Blog Credo

The whole aim of practical politics is to keep the populace alarmed (and hence clamorous to be led to safety) by menacing it with an endless series of hobgoblins, all of them imaginary.

H.L. Mencken

Saturday, July 9, 2011

The View From The Plantation Porch


The family and I have been on Nantucket this past week and a half.  It is an important place for the Wonderful Wife and me.  We were married here, our kids were baptized here, we spend as much of each summer here as we can.

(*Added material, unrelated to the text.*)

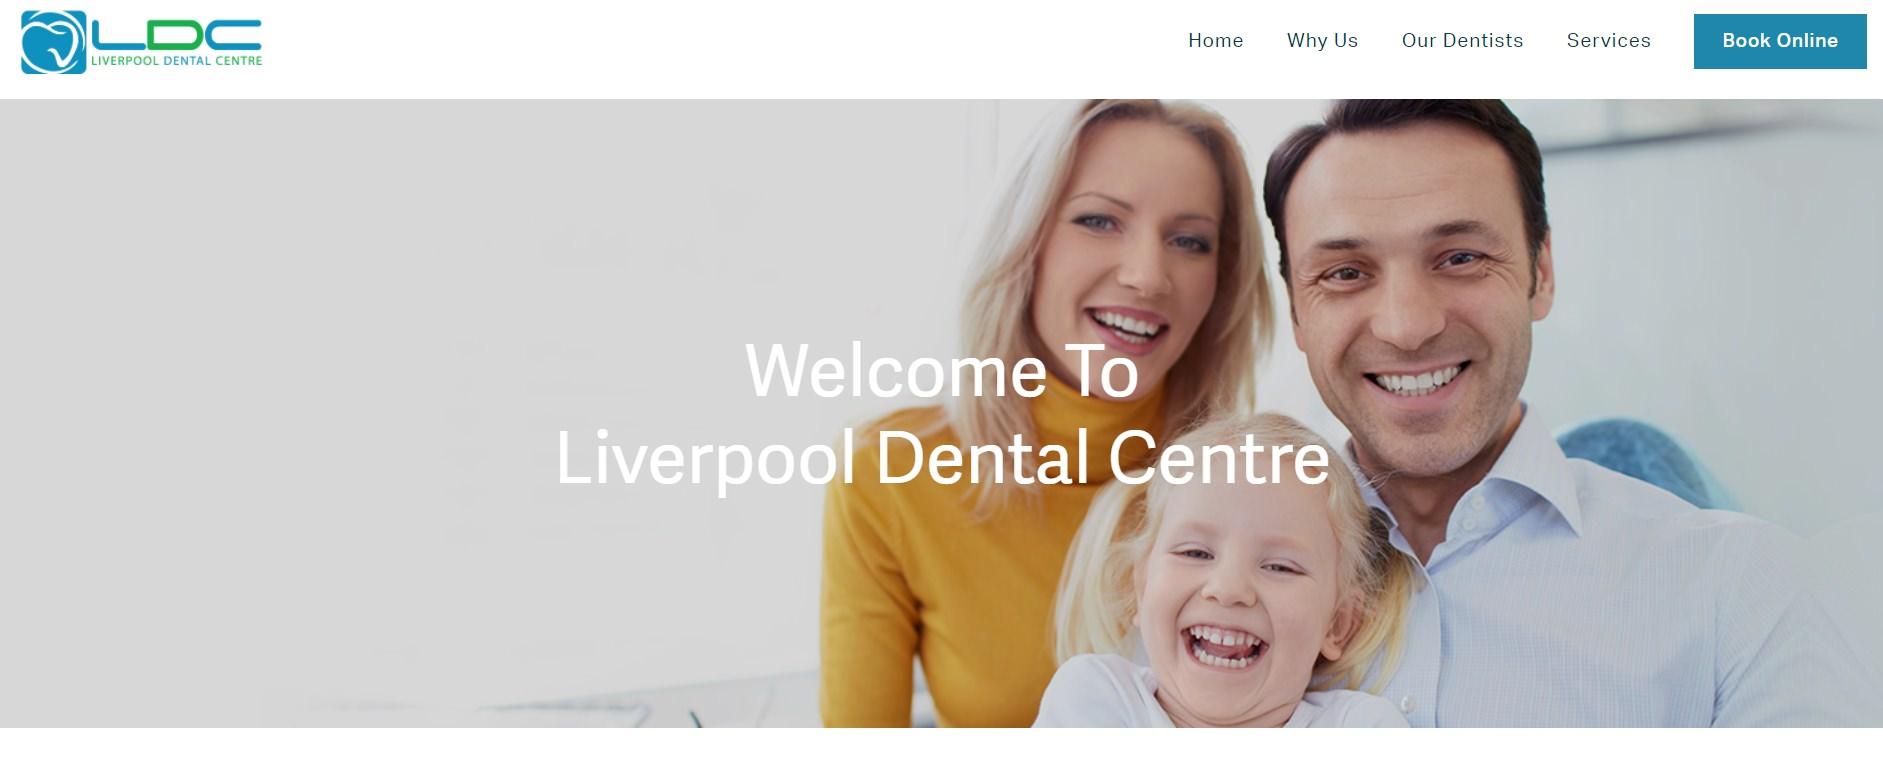 Liverpool Dental Centre screenshot of their website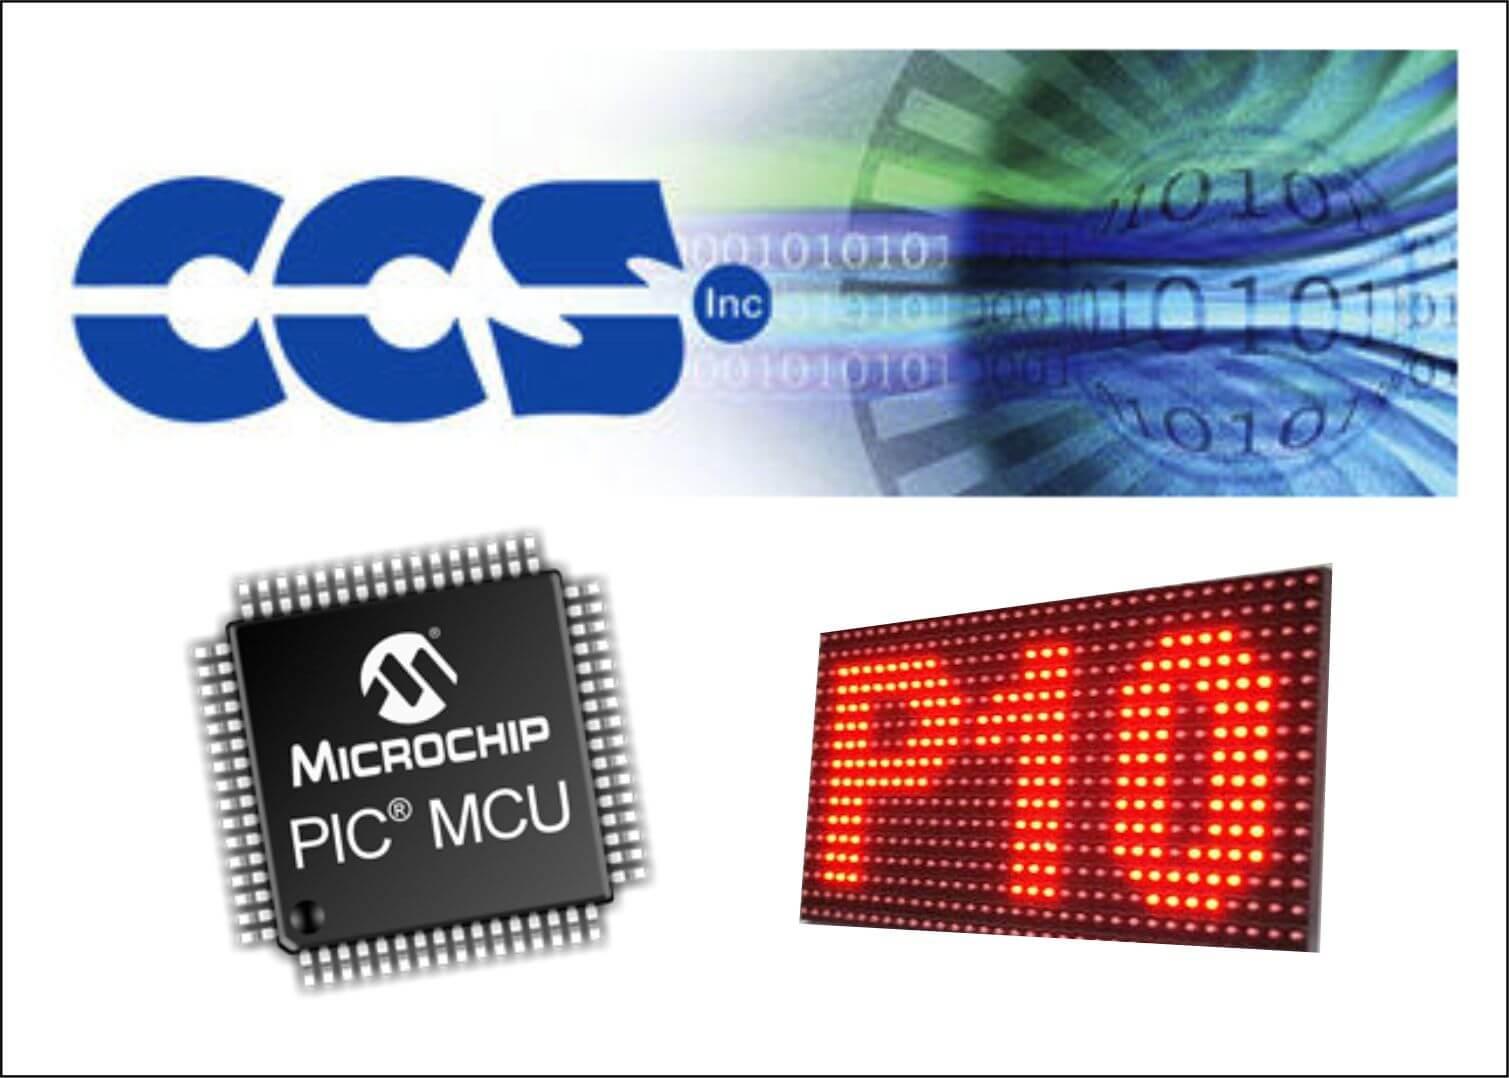 Panel Led con PIC y Matriz led 16x32 en CCS

But it is a place swarming with the rich and kinda famous.  At the Fourth of July festivities, we walked by Joe Scarborough and David Gregory.  For some reason, if you work at NBC, you have to have a place here.  We see multitudes of people who are obviously doing great economically right now, whether they be the factotums from NBC or the myrmidons of Wall Street.  From the intricately carved and sculpted faces of aging matrons to people plopping down $32 for kids boxer shorts from Vineyard Vines, this is one of the seats of the new Gilded Age.

When the jobs report came out Friday, it should have scared the crap out of everyone in the country.  It should have stampeded a deal to get the debt ceiling raised - cleanly - so that we can remove this great cloud of uncertainty from the world economic stage.  It should have created a clarion call for a legitimate jobs bill.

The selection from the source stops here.